A South African court has sentenced the mastermind behind a plot to kill South African former President Nelson mandela to 35 years in jail. The plan was part of a wider white supremacist conspiracy.
The High Court in Pretoria on Tuesday (October 29, 2013) sentenced members of a white extremist group to jail sentences of between five and 35 years.
The 20 members of the Afrikaner extremist group Boeremag, meaning white farmer force – a reference to South Africa’s Dutch colonizers the Boers – were all found guilty last year of treason. The group had been accused of plotting during the late 1990s until 2002 to overthrow the country’s post-apartheid government by force.
The heaviest sentence went to Mike du Toit, ringleader of Boeremag, and the four of his co-defendants who were convicted of conspiracy to murder former President Nelson Mandela.

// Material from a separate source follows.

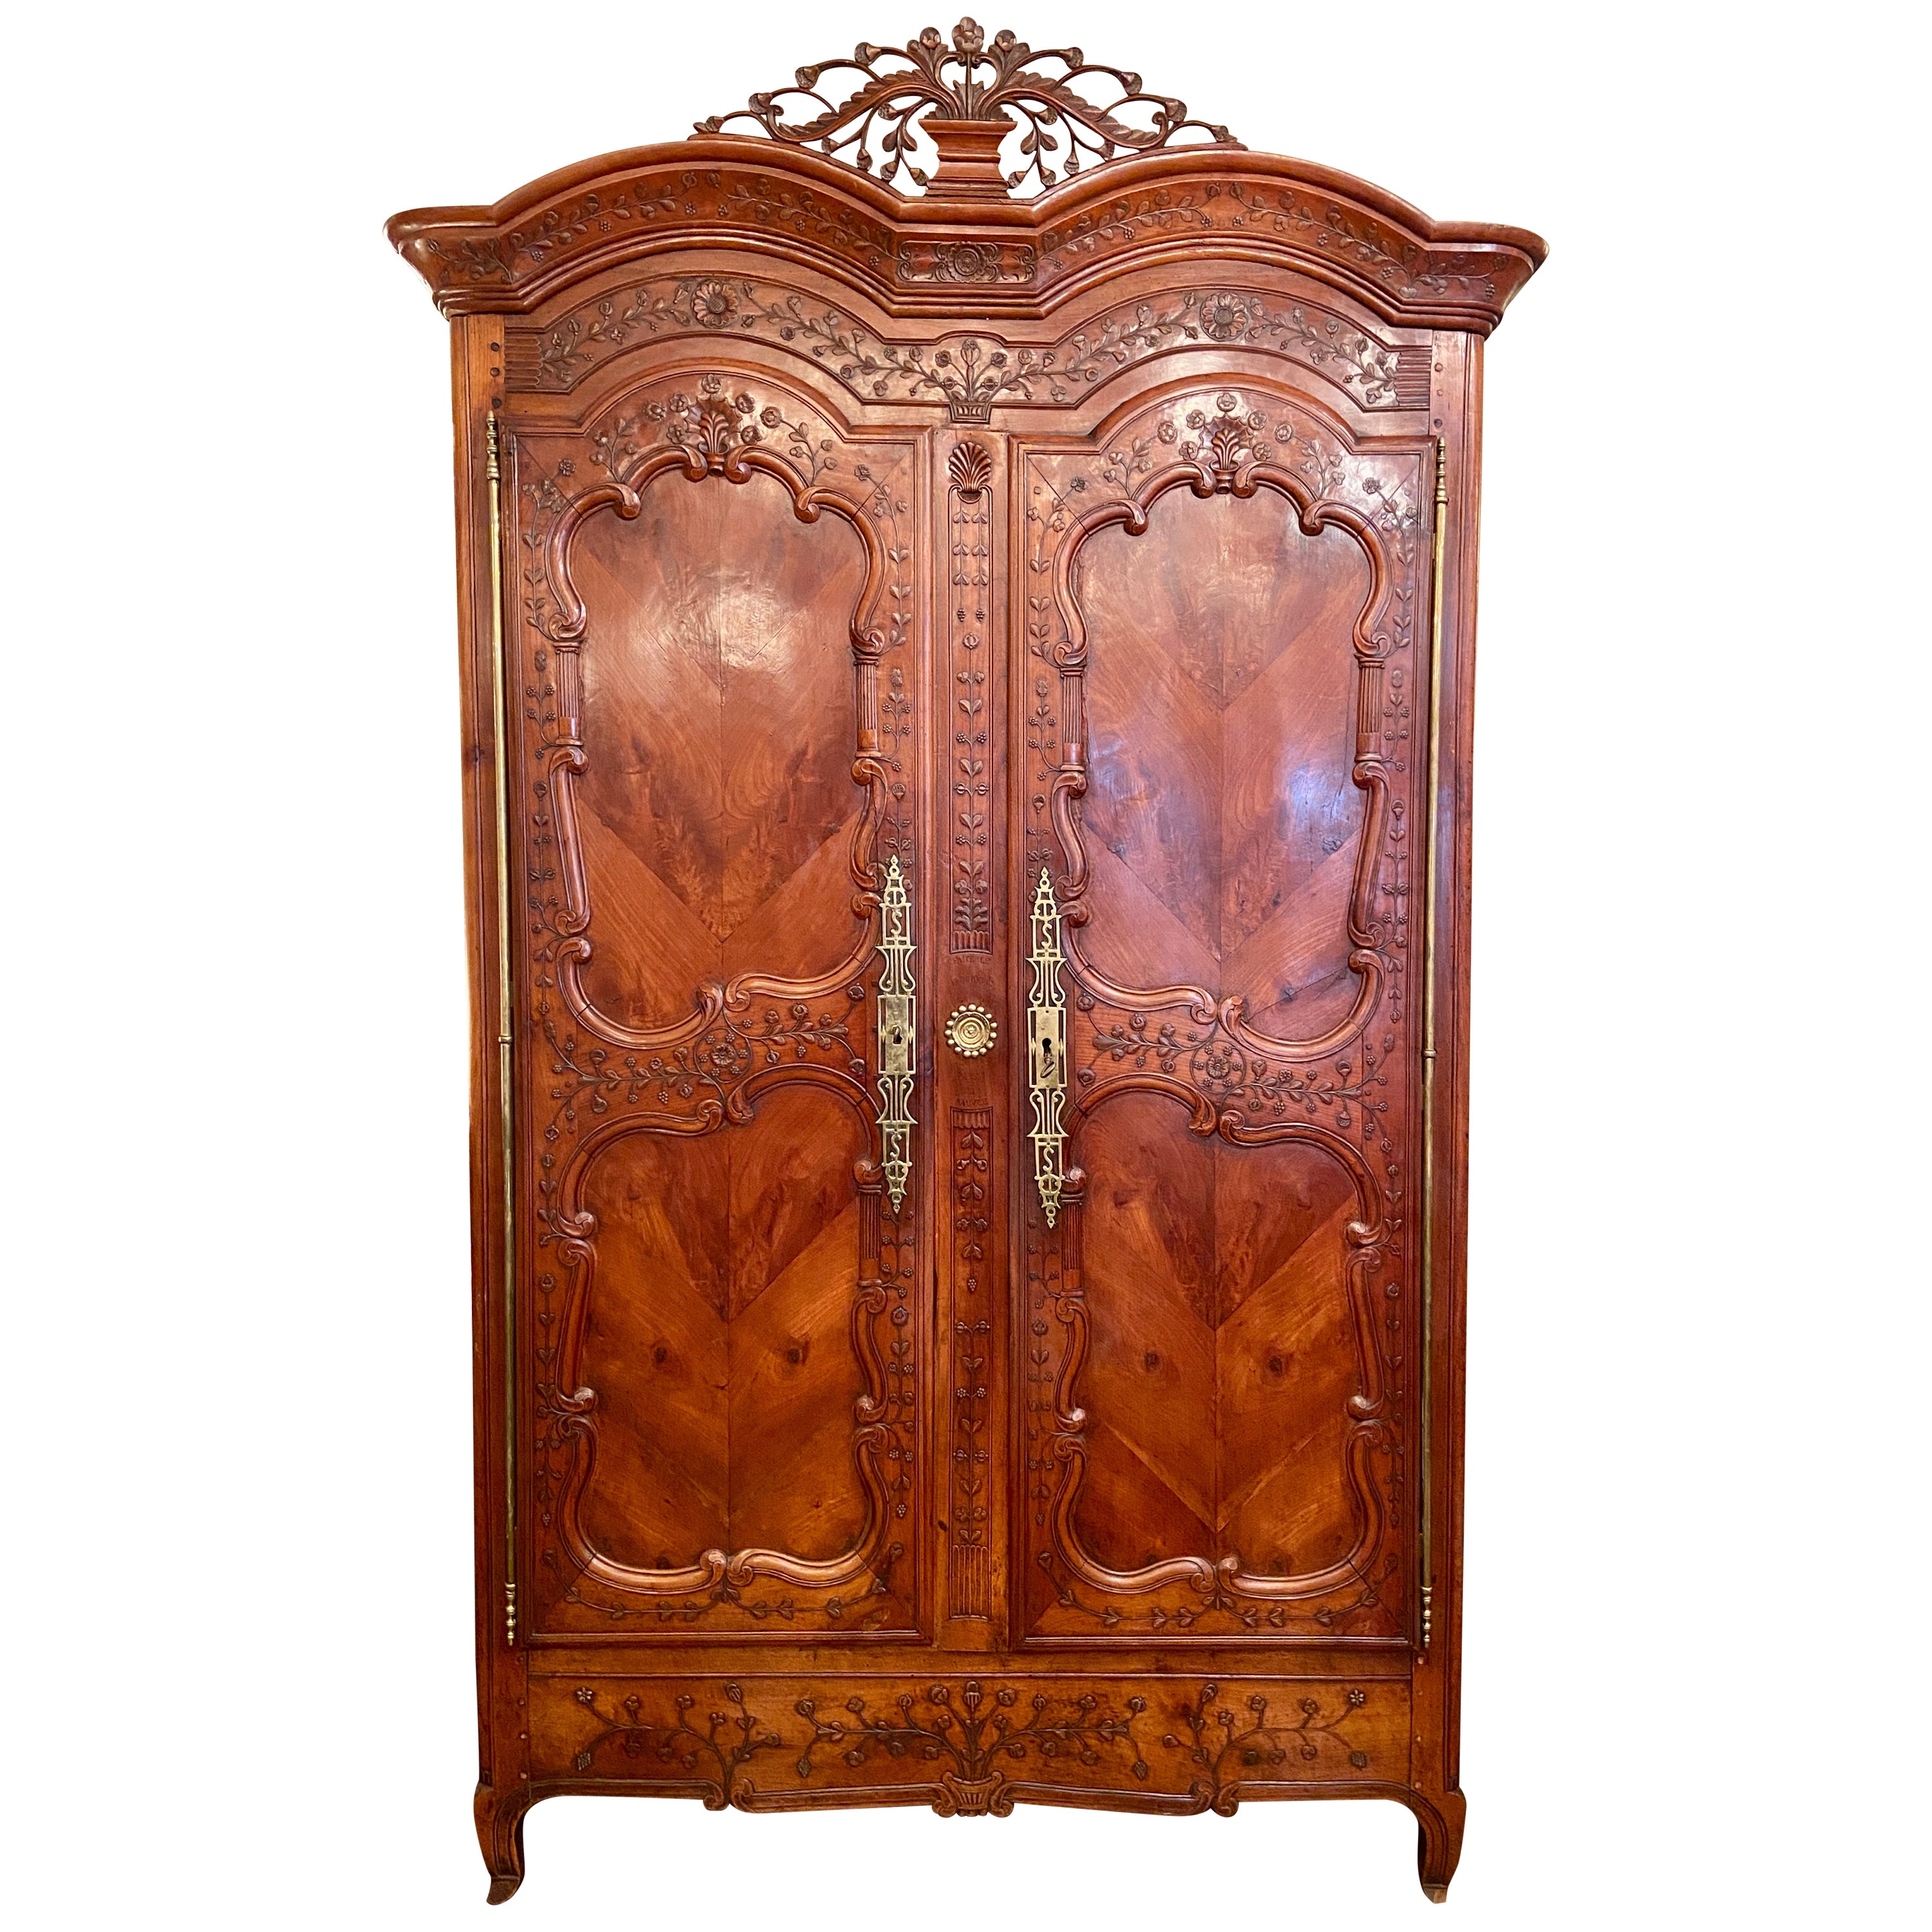 Antique French Carved Cherry Wood Armoire De Breton Dated October 13th, 1846

The five were handed a 35-year prison term.
Judge Eben Jordaan sentenced the rest of the defendants to between five and 30 years.
Jordaan said that, had he not been flown by helicopter to open a rural school in the northern Limpopo province, Mandela would have been killed by a landmine planted by the group, resulting in possible wider bloodshed in the trouble that might have ensued.

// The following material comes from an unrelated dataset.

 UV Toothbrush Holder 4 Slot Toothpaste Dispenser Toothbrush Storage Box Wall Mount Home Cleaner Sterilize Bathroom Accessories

Members of Boeremag were apprehended after a series of bombings in Soweto township near Johannesburg in 2002. One woman died in the attacks, with dozens of people injured.
The group was reported to have planned to spread unrest through the bombings and murder, and to take over military bases in the resultant chaos. The subsequent plan had been to drive all black and Indian citizens from the country.

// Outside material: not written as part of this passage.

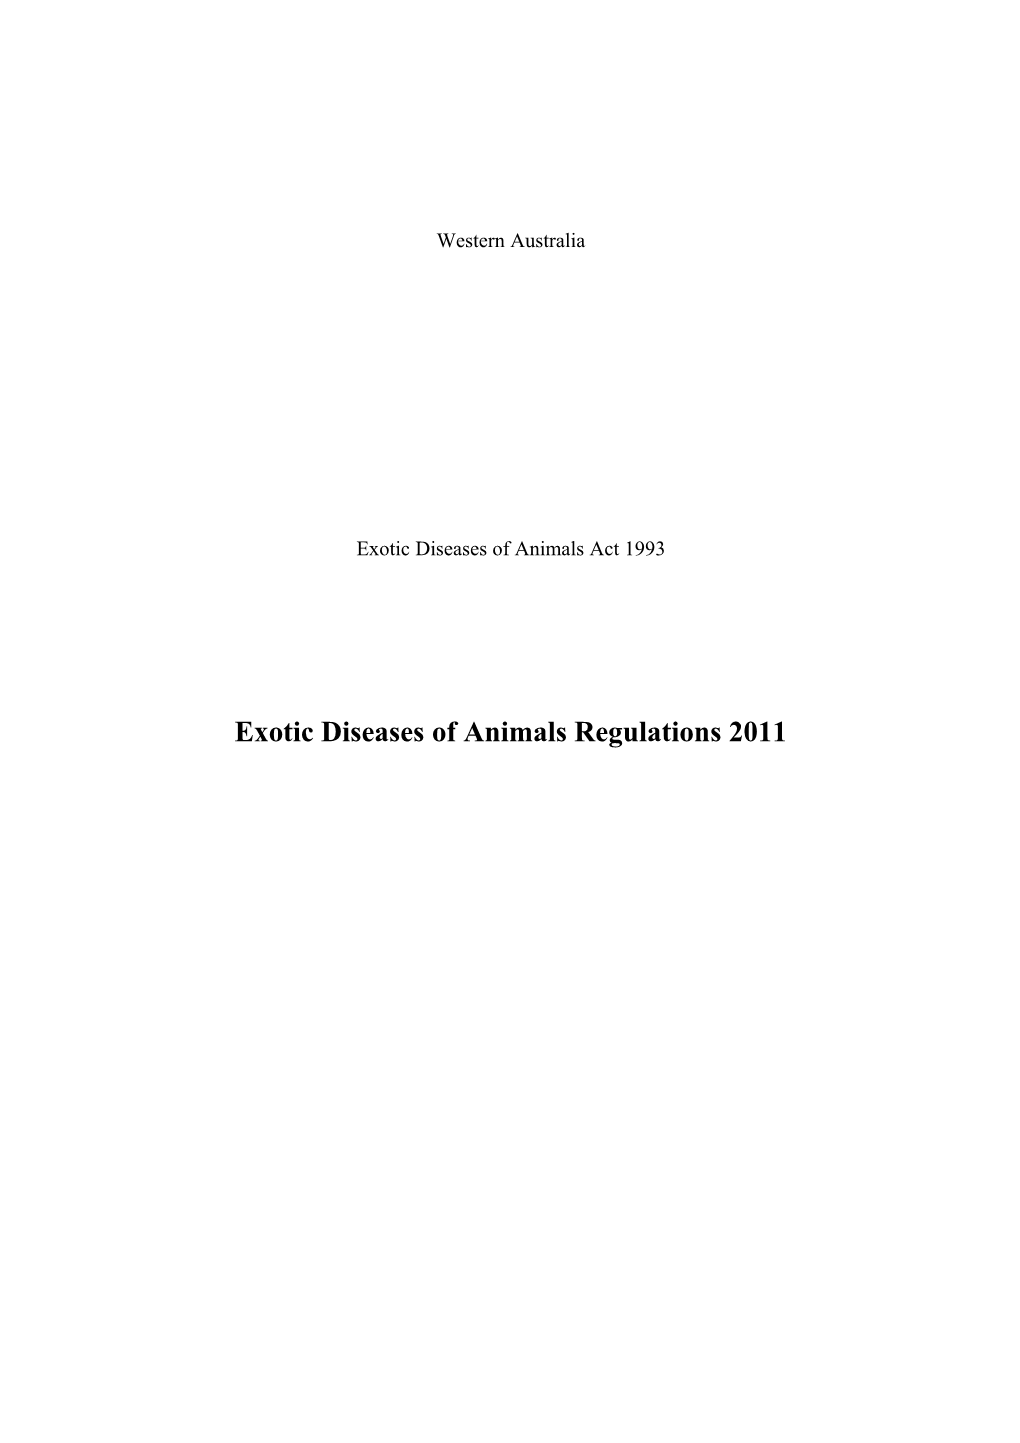 Exotic Diseases of Animals Regulations 2011 - 00-A0-00

The trial lasted almost a decade and resulted in the first guilty verdicts for treason since the end of apartheid in 1994. Security was tight in the courtroom, with two notable escape efforts by the defendants during previous proceedings.
The local newspaper Pretoria reported that a father and three sons were among those convicted. The youngest of the 20 is 32, while the oldest was said to be 74.
Mandela, now 95, remains critically ill and under treatment at his home in Johannesburg after he was discharged from hospital in September.